Outside of that one mystifying design decision, 2/3rds of Magrunner: Dark Pulse is pretty well put-together. The game is broken up into three parts and the difficulty of each part increases at a fair rate as new puzzles and ways to solve them are introduced. The solutions are never unfair or particularly obtuse – so important in a puzzle game. Part three introduces murderous fish-men however, and that’s when things get a bit shambolic. These pugilistic fish-men are utterly laughable both in appearance and action as they slowly ambulate after you intent on punching you to death. That’s right; these foot soldiers of C’thulu – creatures whose mere proximity drive men mad – attack with lazy roundhouse punches. It’s exactly as stupid as it sounds. Unfortunately, they also present an issue for the game’s engine in that killing them, while simple in principle, is awkward in practice. In a game where monsters can move anywhere, but lethal projectiles can only travel along one set trajectory, you sort of need a way to reliably lure enemies into said trajectory and Magrunner: Dark Pulse did not provide for such reliability. That was by far the game’s largest misstep and it nearly ruins the last third of the game which, for spoilery reasons, should be the best part.


Independent of those missteps, Magrunner: Dark Pule is largely acceptable from a technical standpoint. Graphically, it’s very average. Eight years ago, it might have looked good but the Unreal Engine is really starting to show its age these days. Meanwhile the art design does a good job selling the setting. It starts off clean and antiseptic – just like Portal – but quickly descends into the standard “ruined underground lab” setting that’s been done to death at this point by so many games. At least Portal’s ruined underground lab was full of hidden oddities.

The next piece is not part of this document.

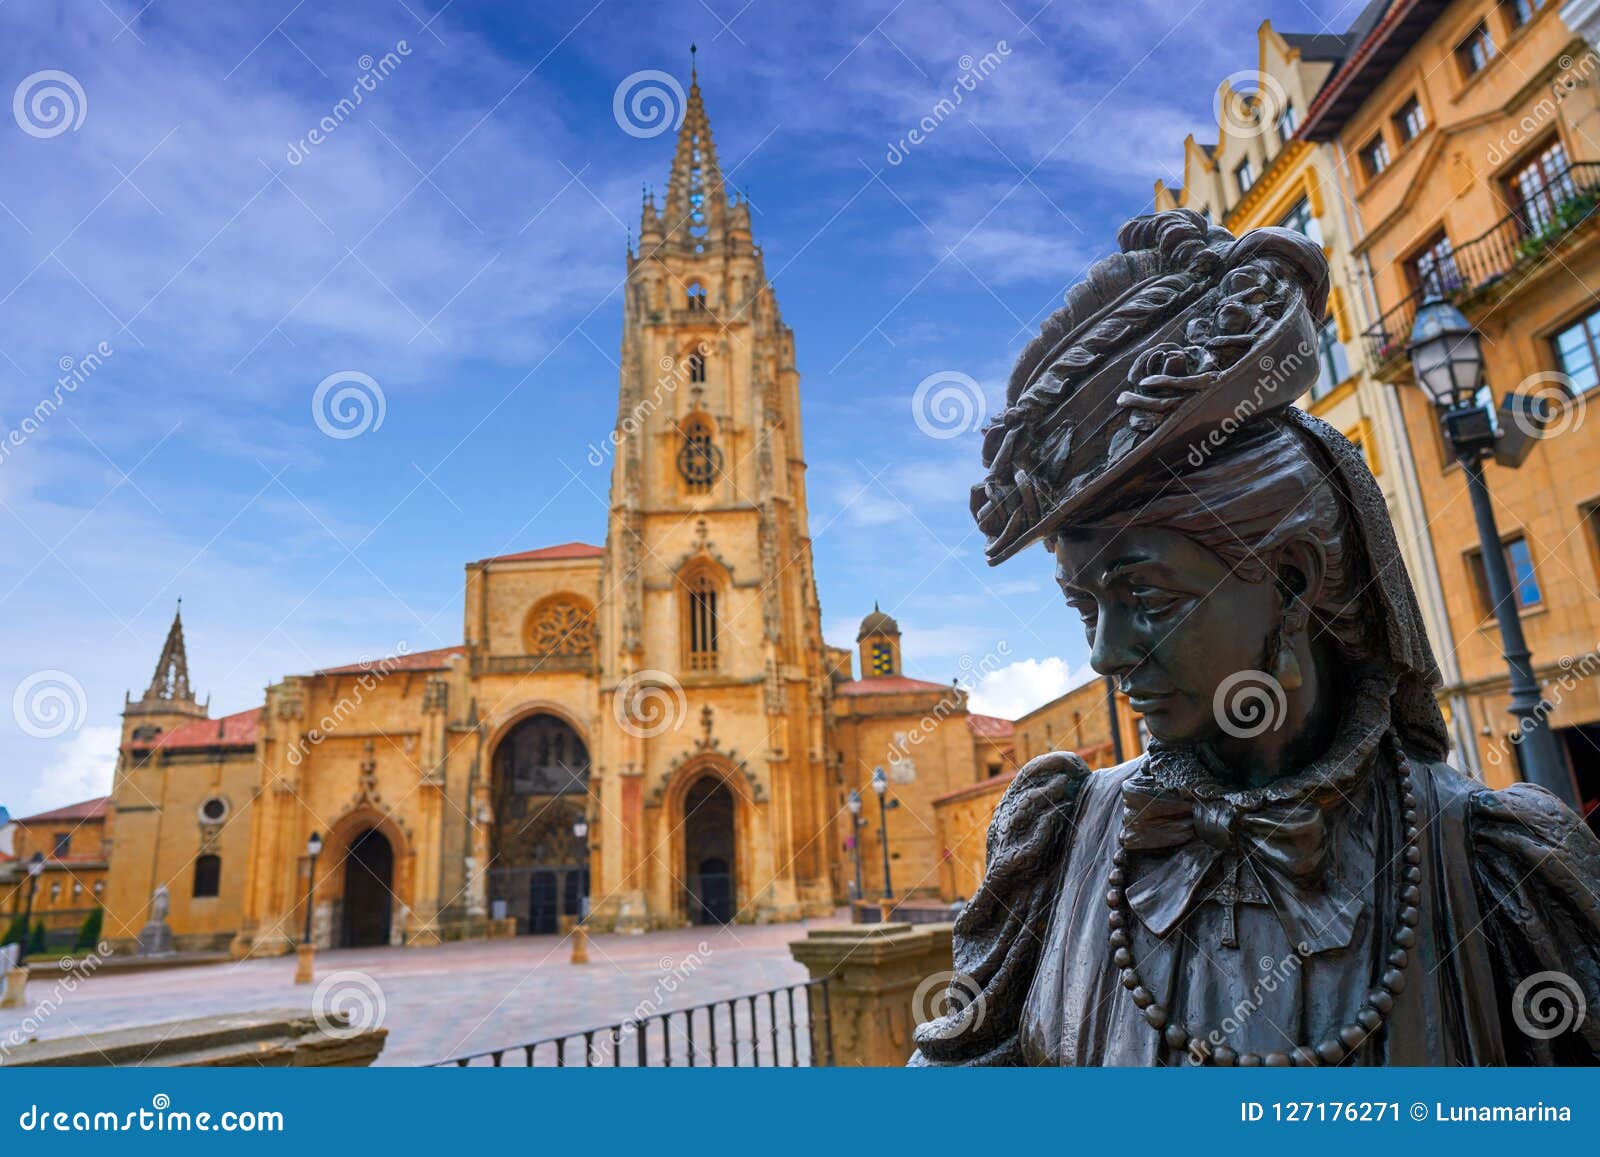 oviedo cathedral and regenta statue in asturias
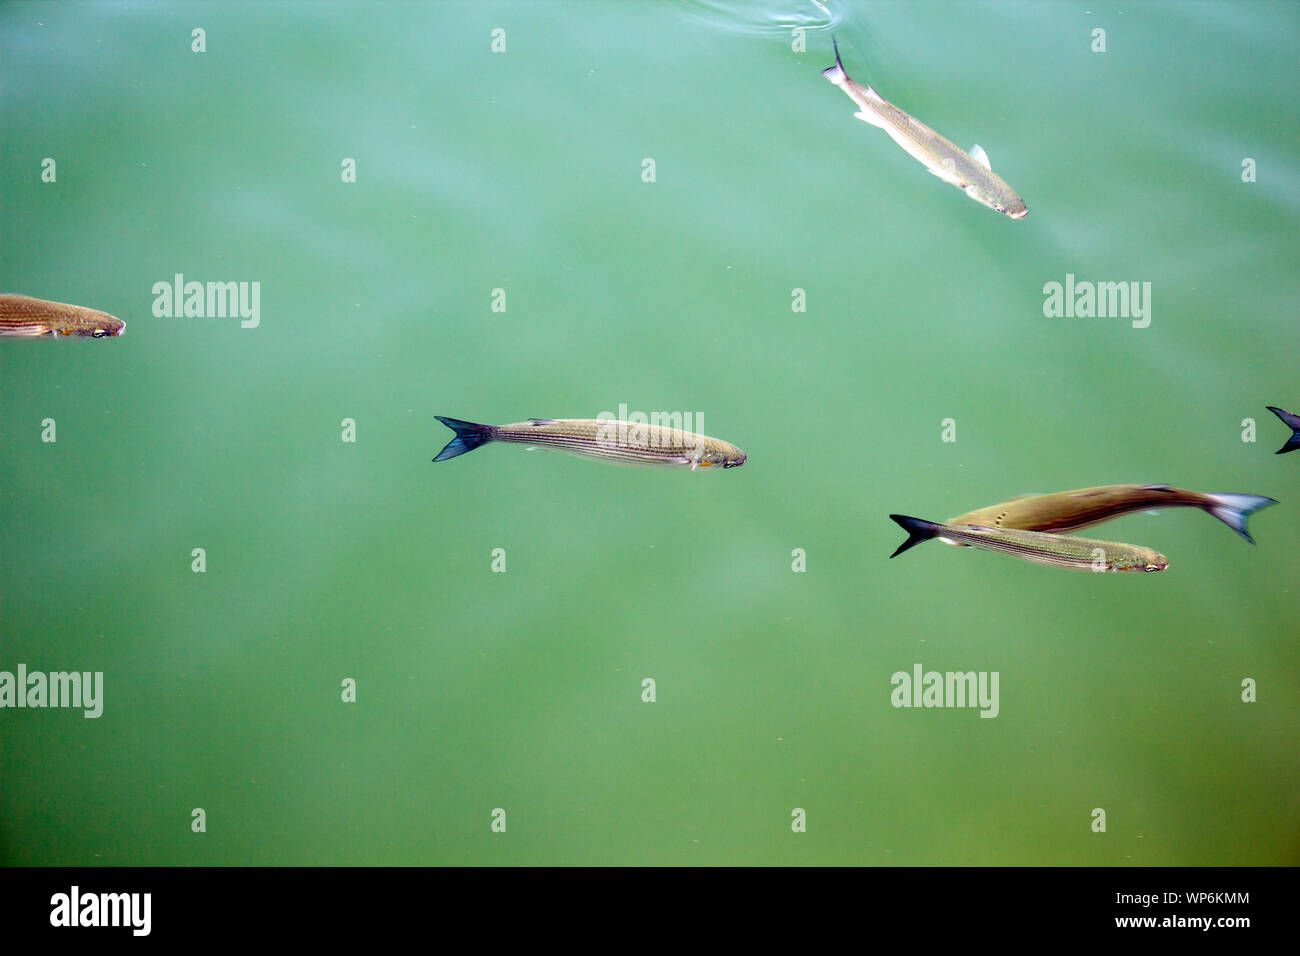 Flathead mullet fish swimming diagonally in creamy green murky water. Stock Photo

In Magrunner: Dark Pulse you get no such hidden oddities. Oh there are oddities, like the same drawing of C’thulu accompanied by cryptic messages in every other room and numerous petrified monsters, but once you’ve seen one, you’ve seen them all. And what little mystery is there gets dispelled about as quickly as it’s set up.


Finally, the game’s audio leaves nothing to really complain about. The music is good and the voice acting is decent; however, since there’s not that much of it, maybe it just didn’t give me a chance to get sick of it.